Orbital period is related to orbital speed as:
\(T_1=\frac{2πr_1}{v_1}\)
Where, \(r_1\)=Radius of the orbit\(=\frac{n_1^2h^2∈_0}{πme^2}\)
h=planck's constant\(=6.62×10^{-34}Js\)
e=charge on an electron\(=1.6×10^{-19}C\)
\(∈_0=\)permittivity of free space\(=8.85×10^{-12}N^{-1}C^2m^{-2}\)
m=Mass of an electron\(=9.1×10^{-31}kg\)
\(∴T_1=\frac{2πr_1}{v_1}\)
\(=\frac{2π×(1)^2×(6.62×10^{-34})^2×8.85×10^{-12}}{2.18×10^6×π \times 9.1×10^{-31}×(1.6×10^{-19})^2}\)
\(=15.27×10^{-17}=1.527×10^{-16}s\)
For level \(n_2=2\), we can write the period as:
\(T_2=\frac{2πr_2}{v_2}\)
Where \(r_2\)=Radius of the electron in \(n_2=2\)

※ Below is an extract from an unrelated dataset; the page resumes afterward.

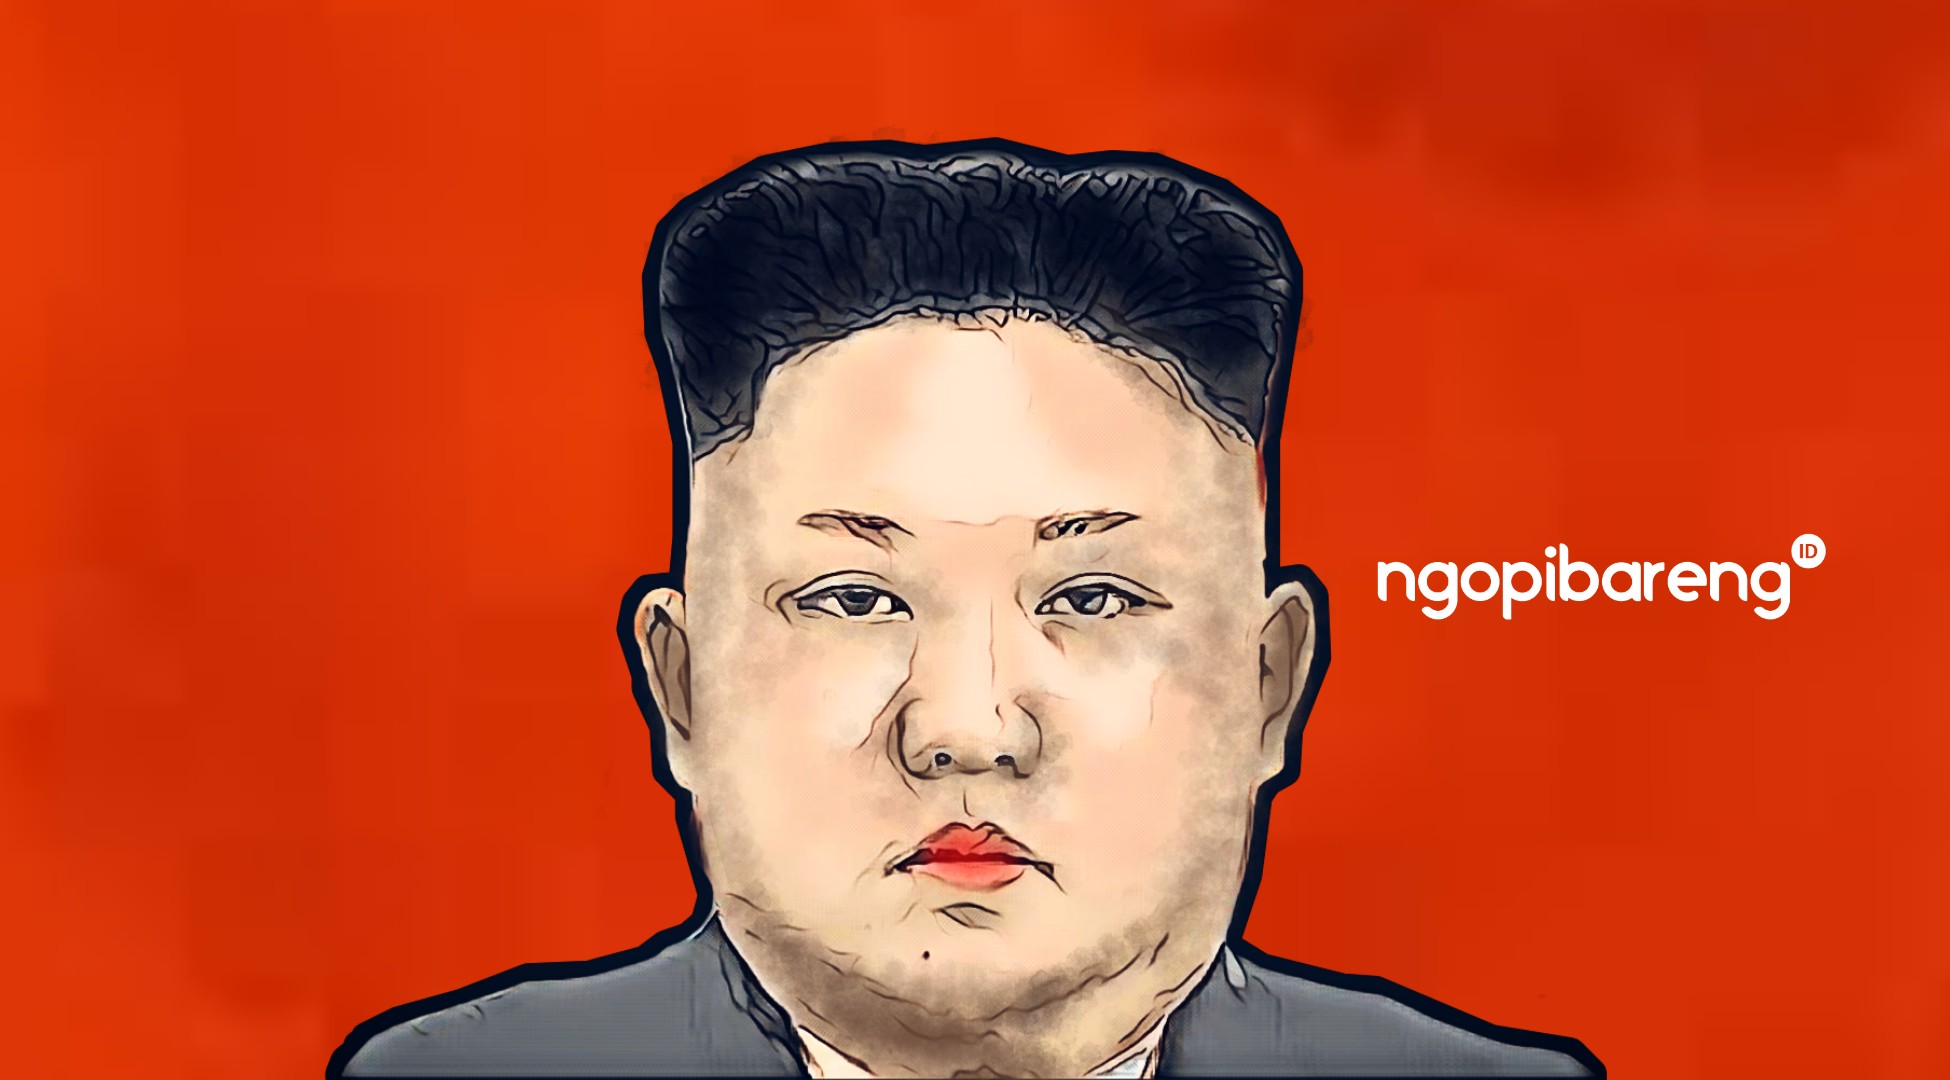 Ilustrasi pemimpin Korea Utara (Korut) Kim Jong-Un. (Grafis: Fa Vidhi/Ngopibareng.id)
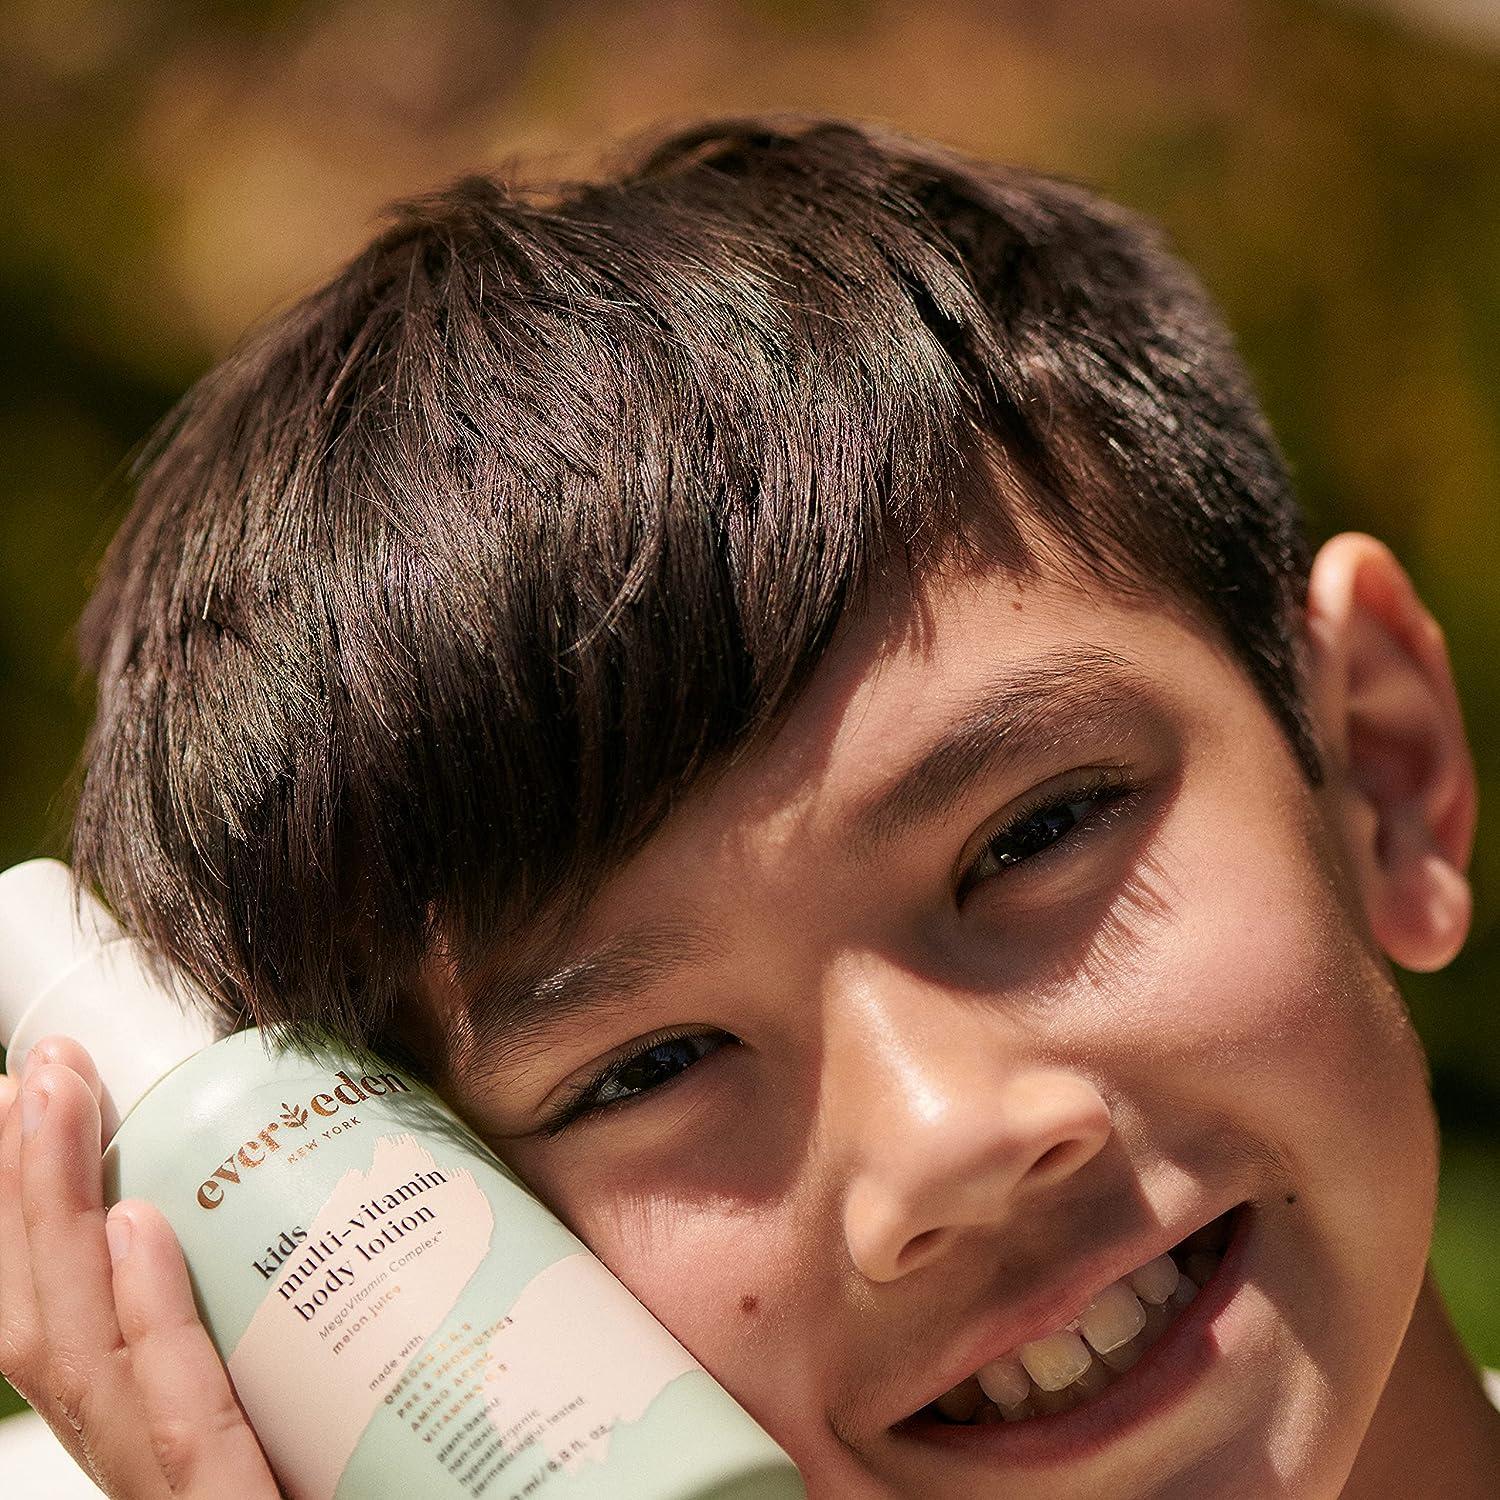 Evereden Kids Face Cream: Melon Juice 1.7 oz, Plant-Based Natural  Non-Toxic

\(=\frac{(n_2)^2h^2∈_0}{πme^2}\)
\(∴T_2=\frac{2πr_2}{v_2}\)
\(=\frac{2π×(2)^2×(6.62×10^{-34})^2×8.85×10^{-12}}{1.09×10^6×π×9.1×10^{-31}×(1.6×10^{-19})^2}\)
\(=1.22×10^{-15}s\)
And, for level \(n_3=3\), we can write the period as:
\(T_3=\frac{2πr_3}{v_3}\)
Where,
\(r_3\)=Radius of the electron in \(n_3=3\)
\(=\frac{(n_3)^2h^2∈_0}{πme^2}\)
\(∴T_3=\frac{2πr_3}{v_3}\)
\(=\frac{2π×(3)^2×(6.62×10^{-34})^2×8.85×10^{-12}}{7.27×10^5×π \times  × 9.1×10^{-31}×(1.6×10^{-19})^2}\)
\(=4.12×10^{-15}s\)
Hence,the orbital period in each of these levels is \(1.52×10^{-16}s,1.22×10^{-15}s\), and \(4.12×10^{-15}s\) respectively.